UNITED STATES
SECURITIES AND EXCHANGE COMMISSION
Washington, DC 20549

FORM 8-K

CURRENT REPORT

Pursuant to Section 13 or 15 (d) of the Securities Exchange Act of 1934

Date of Report (Date of earliest event reported): August 9, 2004

EFOODSAFETY.COM, INC.
(Exact name of Registrant as specified in charter)

Nevada
333-68008
62-1772151
(State or other jurisdiction
of incorporation)
(Commission File Number) (IRS Employer
Identification Number)

1370 St. George Circle
Prescott, Arizona 86301
(Address of principal executive offices)

Registrant's telephone number, including area code: (928) 717-1088

Not applicable
(Former name or former address, if changed since last report)


FORWARD LOOKING STATEMENTS

        This Form 8-K and other reports filed by Registrant from time to time with the Securities and Exchange Commission (collectively the “Filings”) contain or may contain forward looking statements and information that are based upon beliefs of, and information currently available to, Registrant’s management as well as estimates and assumptions made by Registrant’s management. When used in the Filings the words “anticipate, “believe”, “estimate”, “expect”, “future”, “intend”, “plan” or the negative of these terms and similar expressions as they relate to Registrant or Registrant’s management identify forward looking statements. Such statements reflect the current view of Registrant with respect to future events and are subject to risks, uncertainties, assumptions and other factors relating to Registrant’s industry, Registrant’s operations and results of operations and any businesses that may be acquired by Registrant. Should one or more of these risks or uncertainties materialize, or should the underlying assumptions prove incorrect, actual results may differ significantly from those anticipated, believed, estimated, expected, intended or planned.

        Although Registrant believes that the expectations reflected in the forward looking statements are reasonable, Registrant cannot guarantee future results, levels of activity, performance or achievements. Except as required by applicable law, including the securities laws of the United States, Registrant does not intend to update any of the forward-looking statements to conform these statements to actual results.

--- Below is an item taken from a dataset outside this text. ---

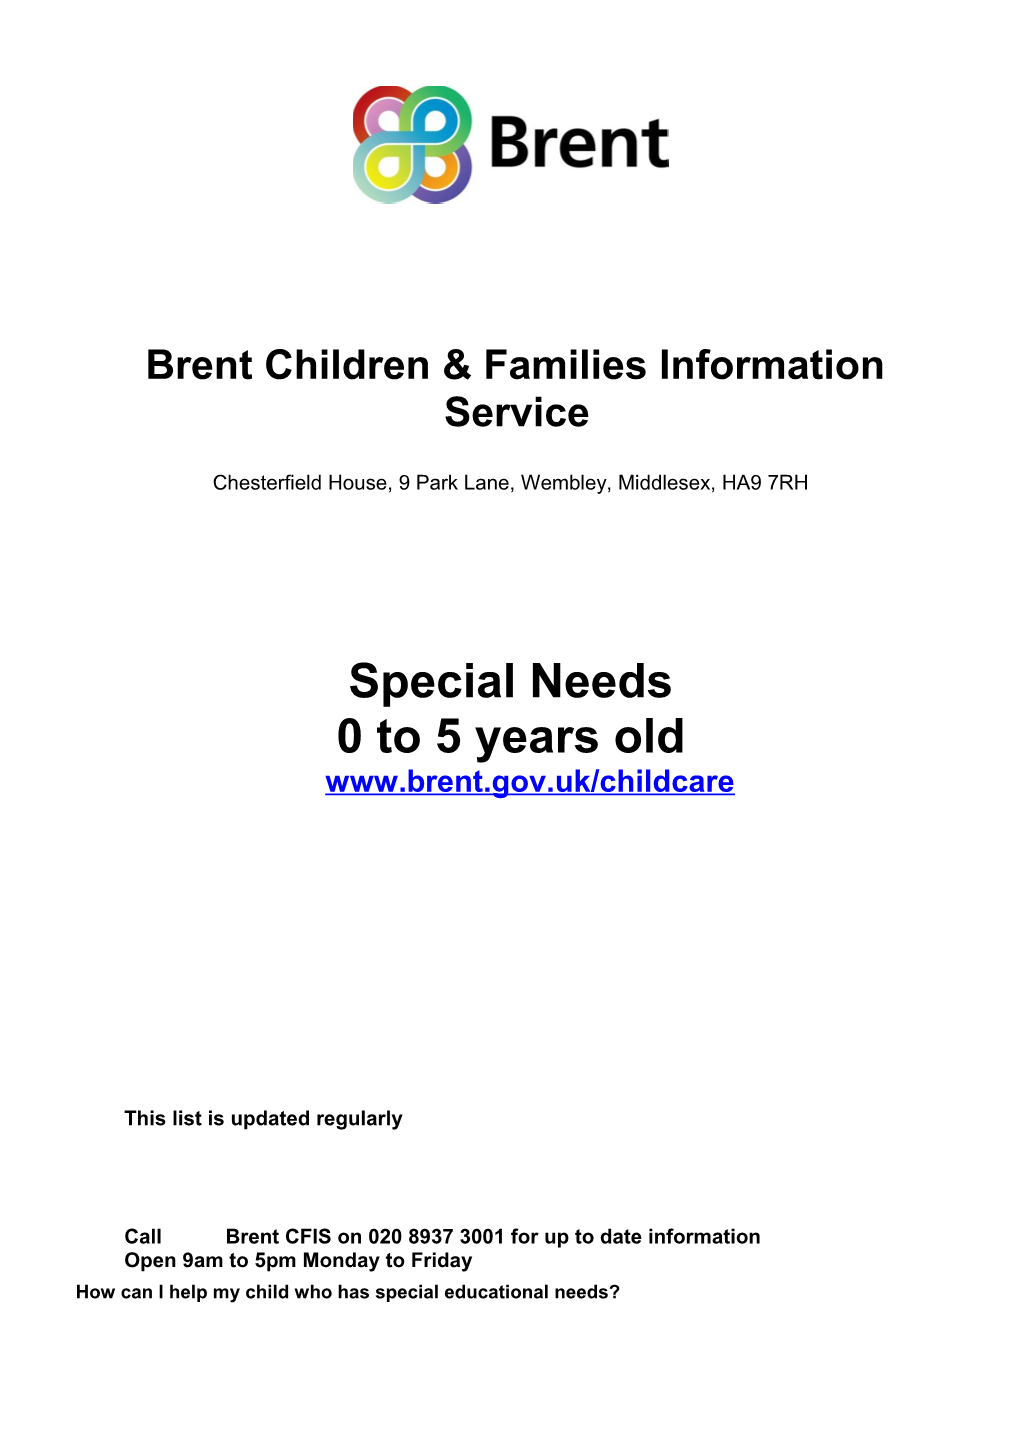 Brent Children & Families Information Service

ITEM 5. Other Events and Regulation FD Disclosure.

        On August 9, 2004 (the “Closing Date”), EFoodSafety.com, Inc. (the “Company”) completed its financing round constituting a private sale of $2.0 million in principal of 6% convertible debenture to certain institutional investors, including Longwood Capital, LLC. The debentures are convertible into shares of the Company’s common stock at a price of $0.40 per share. For every two shares of common stock convertible under the debentures, each investor received warrants to purchase two shares of the Company’s common stock, one warrant at $0.80 per share and the other at $1.00 per share, respectively. At the closing, the Company received $2,000,000 in gross proceeds.

        The Company entered into a purchase agreement with each investor. Under this Agreement, the Company shall use its best efforts to file a registration statement to register the shares of common stock and the shares underlying the warrants issued and sold to such investors within 30 days of the Closing Date and cause, or use its best efforts to cause, the registration statement to be declared effective within 90 days of the filing of the registration statement. The terms of the Purchase Agreement provide for the cash payment of 2% of the purchase price of the convertible notes (“Purchase Price”) if the Company fails to file a registration statement or if the registration statement is not declared effective within the required time periods. If such failure continues for more than 30 days, the Company will pay the investors a payment equal to another 2% of the Purchase Price in cash. If such failures continue thereafter, the Company shall pay the investors a payment equal to 2% of the Purchase Price, in cash.


        The securities issued in the private placement have not been registered under the Securities Act of 1933, as amended, and until so registered the securities may not be offered or sold in the United States absent registration or availability of an applicable exemption from registration. The offering requires the Company to prepare and file with the Securities and Exchange Commission a registration statement for the purpose of registering under the Securities Act of 1933 all of the shares of the Company’s common stock issuable upon conversion of the notes or exercise of the warrants.

        This announcement is not an offer to sell securities of EFoodSafety.com, Inc. and any opportunity to participate in the private placement was available to a very limited group of accredited investors.

ITEM 7. Financial Statements and Exhibits

  (a) Financial Statements of Businesses Acquired. Not applicable.

  (b) Pro Forma Financial Information Not applicable

  (c) Exhibits.

Exh. No.
Description
10.1.
10.2.
10.3.
10.4.
10.5.
Form of Note and Warrant Purchase Agreement
Form of Registration Rights Agreement
Form of Convertible Note
Form of Series A Warrant
Form of Series B Warrant

SIGNATURES

Pursuant to the requirements of the Securities Exchange Act of 1934, the Registrant has duly caused this report to be signed on its behalf by the undersigned hereunto duly authorized.

Date: August 17, 2004 EFOODSAFETY.COM, INC.